Around the same time, as George Floyd protests erupted across American cities, a group of self-described health professionals, students, and activists published an open letter stating that the protests didn’t pose a COVID risk because they were fighting the public health risk of racism.
And then there was the Stalin-esque ‘disappearing’ of Hunter Biden’s laptop. First, the paper that broke the story The New York Post was muzzled over anti-piracy rules. Then, when it had become clear that it wasn’t piracy, mainstream media called it Russian disinformation and ignored the story. Only after the election did some outlets finally begin to cover the bombshell.
These, coupled with countless other examples, as well as the constant campaign to demonetize, shadow-ban, and cancel anyone who does not conform to the leftist narrative amount to the greatest propaganda campaign since the lead-up to the Second World War. No one dedicated to liberal democracy can justify the brazen censorship and gaslighting that legacy media outlets and social media companies have engaged in during the last year.

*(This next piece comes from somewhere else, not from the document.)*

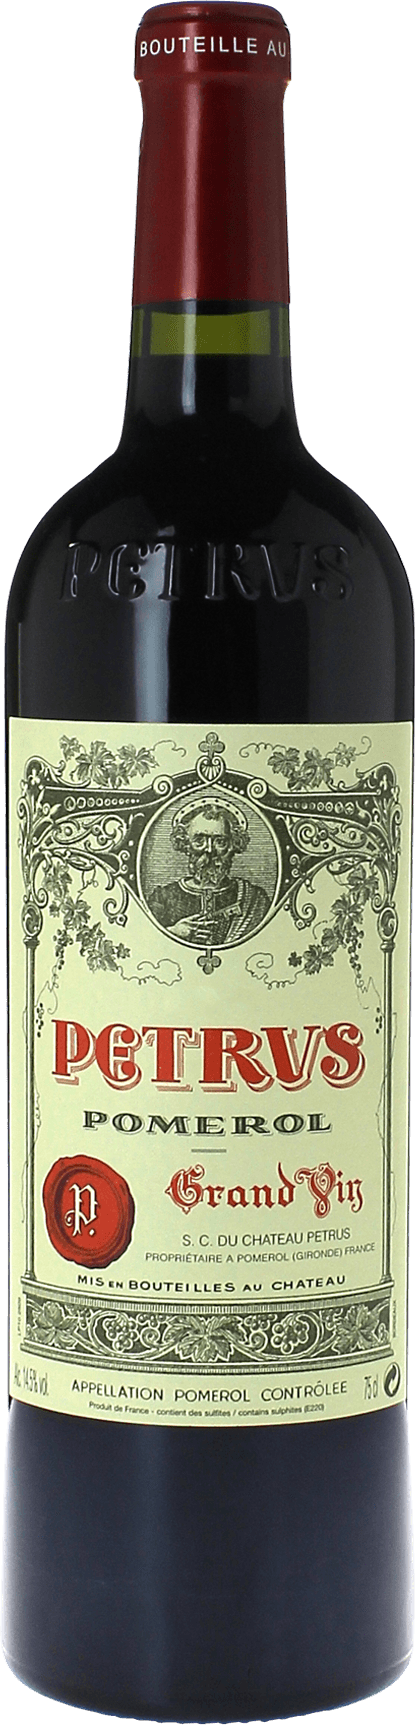 Petrus 1976  Pomerol, Bordeaux rouge
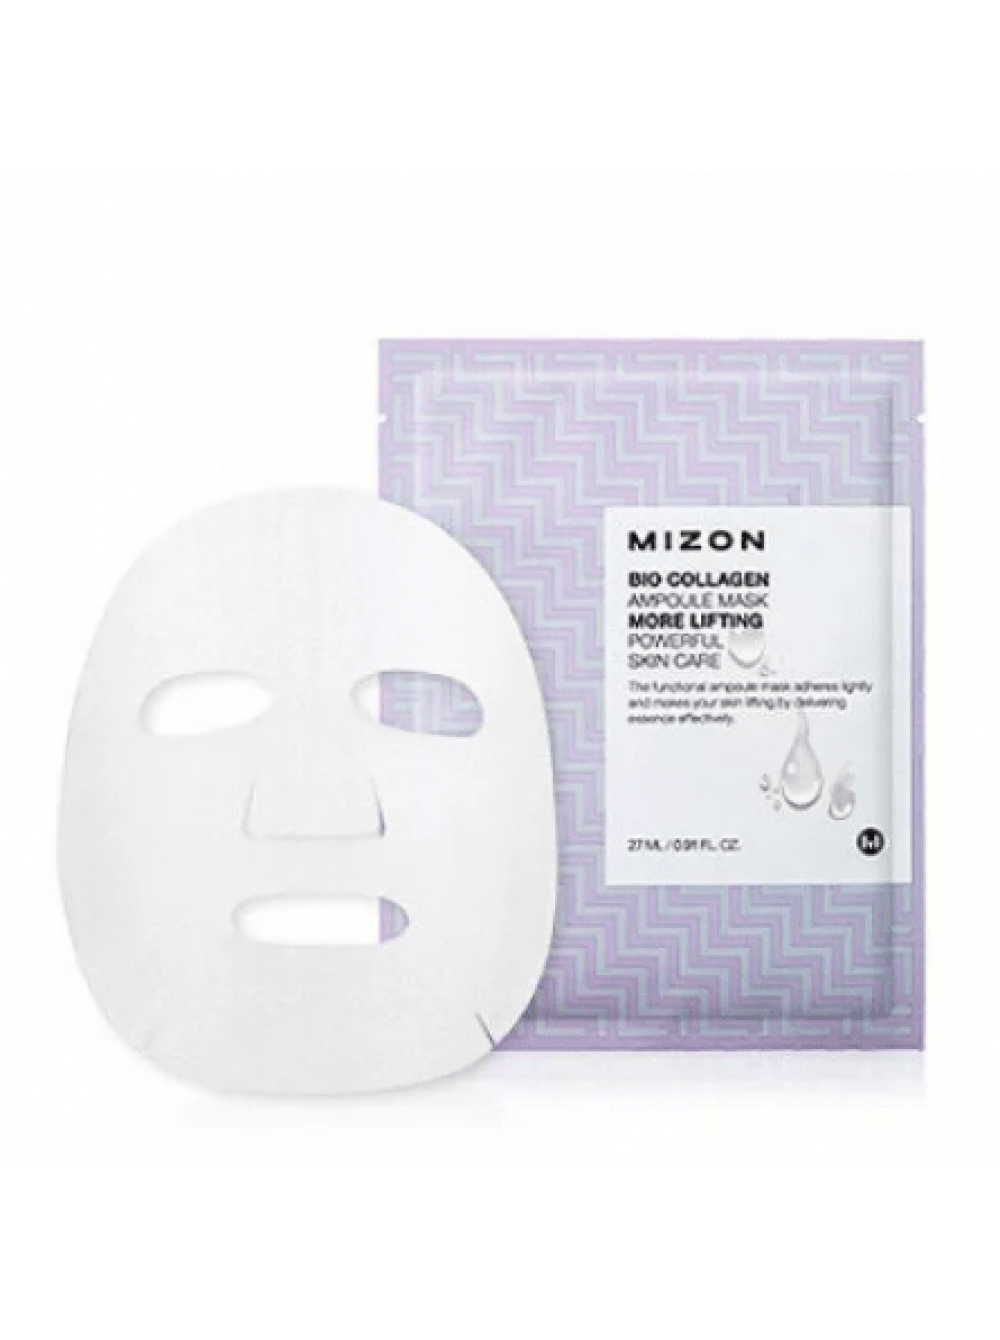 Упаковка для тканевых масок. Тканевые маски для лица. Маски для лица упаковка. Листовая маска для лица. Маски для лица тканевые упаковка.

Ultimately, concentration camps and extermination are not wholly unthinkable in this climate. With AOC’s list-making and Olbermann’s bombast, and a relentless assault by the media, even normal people have begun to think that violence is acceptable. I recall several seemingly mild-mannered young professional women celebrating the death and destruction inflicted during the George Floyd riots. When questioned, their justification was that the violence was necessary because the message wouldn’t have been heard otherwise.
Meanwhile, more militant factions are not even hiding their motives. The man who attempted to assassinate GOP senators at a baseball practice in 2017 was a member of groups called ‘Terminate the Republicans’ and ‘The Road to Hell Is Paved with Republicans’. The man who killed a Trump supporter during a Portland rally said he was “100% ATIFA” and “ready for war”. Evidently, ideas have consequences.
Trump-Hating toward Totalitarianism
In July, a group of prominent liberals in media and academia including J. K. Rowling, Cornel West, and Noam Chomsky voiced their concerns over the cancel culture storm which has been raging the last five years or so. In the letter, they acknowledged that Trump is a threat to democracy but suggested that resistance could lead to a dogmatic coercion that would be just as bad or worse. It was a levelheaded and well-articulated plea for free thought and free expression. The fact that hardcore leftists then disparaged and tried to cancel the signers of the letter proves how fargone the Left has become.
As former New York Times Editor Bari Weiss said, we need to “stop being shocked” at the totalitarian tendencies of the Left. The forces driving the political Left at this moment are hostile to critical thinking, free expression, and liberal democracy in general, and can only lead to totalitarianism. If you listen to the most honest commentators of the movement, you’ll realize that is their clear end and hating Trump was just the means.